May 13th – Salisbury Plain   Leave a comment

Today Margaret, Ewan and I went to see the Great Bustard re-introduction scheme on Salisbury Plain. My interest was two-fold, to see the bustards and to year-tick the Stone-curlews that nest inside the release pen. You are not allowed to search for the bustards yourself, partly to prevent disturbance and partly because it’s a military area, so we joined the guided tour that left the pretty village of Enford at 0930.

 

We joined the tour at the pretty village of Enford.

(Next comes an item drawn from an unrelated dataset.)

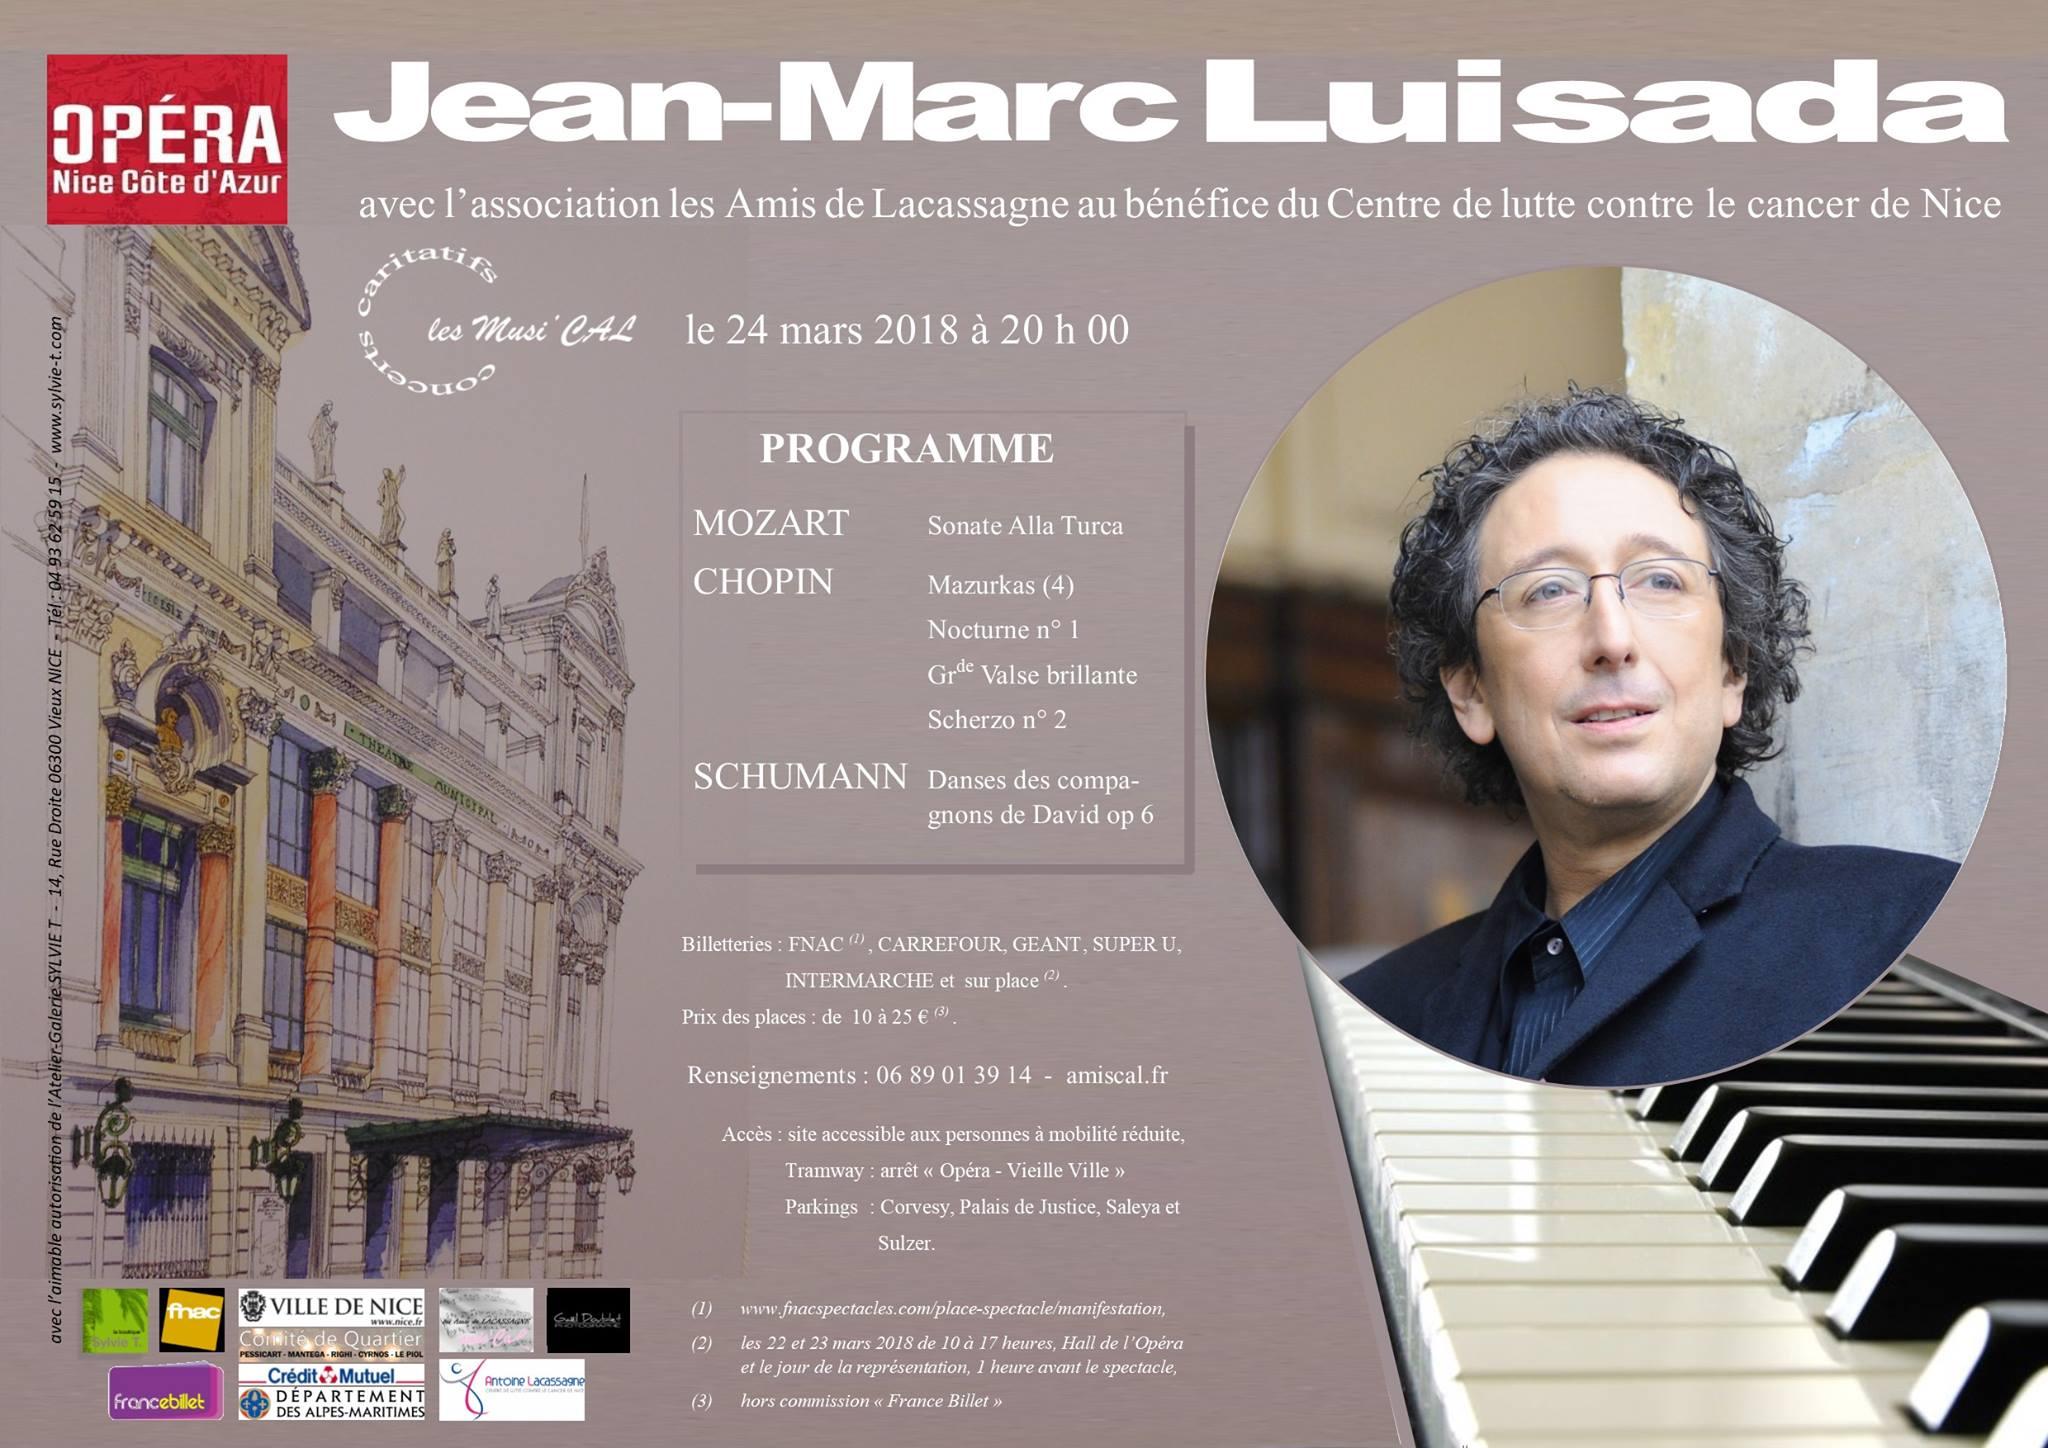 Concert Luisada 24 mars

The re-introduction of Great Bustards to Salisbury Plain is not without its critics, some see it as unnecessary waste of money that could be spent on other aspects of conservation, others see that collecting Bustard eggs in Russia might damage the native population. Both criticisms are without foundation. Much of cost is privately funded through subscriptions or donations to the Great Bustard Group and eggs are only collected from areas where the nests would certainly be destroyed by agricultural processes. For more information on the scheme and how to visit see http://greatbustard.org/

Although over 150 birds have been released over the last nine years less than 20 are known to still survive, although a few may occupy areas of the Plain that are completely inaccessible due to the high risk of unexploded shells. An 80% mortality is normal in wild reared populations mainly due to fox predation and the foxes on Salisbury Plain have taken their toll. Although several females have bred over the last few years it is not known if any young have reached maturity. One or two non wing-tagged individuals exist but they might be birds that have lost their tags. Several males have reached full size, about the size of a cock turkey, they at least are immune to fox attack.

The release pen is not a cage, the birds are free to come and go as they please, but it is fox proof and the area is planted with the crops they prefer. There are also decoys to attract the birds, which are sufficiently realistic to cause the big male to mate with them. Currently five males, a five-year, a four-year and three one-year olds regularly using the release pen and can be seen from the hide that overlooks the area. It is hoped that most of the females are on eggs somewhere.

The release pen from the quarantine area. The viewing hide is on the hill to the left.

 

All five birds were by the rear fence of the enclosure. The big male, challenged by the younger male took one of its tail feathers …………..

 

…. and then proceeded to peck and shake the feather repeatedly before starting to display …..

 

…. and turned ‘itself inside’ out in the famous ‘foam bath’ display. There is no doubt who is in change on the Plain. Two of the one year old males can be seen in the foreground.

 

A pair of Stone-curlews take advantage of the fox proof enclosure. This poor digiscoped shot shows the distant pair with a single pullus between them.

 

During the evening Margaret’s friend Jenny came round for a meal after attending a music workshop nearby. Jenny came on our South African trip in early 2011 along with my friend Ewan.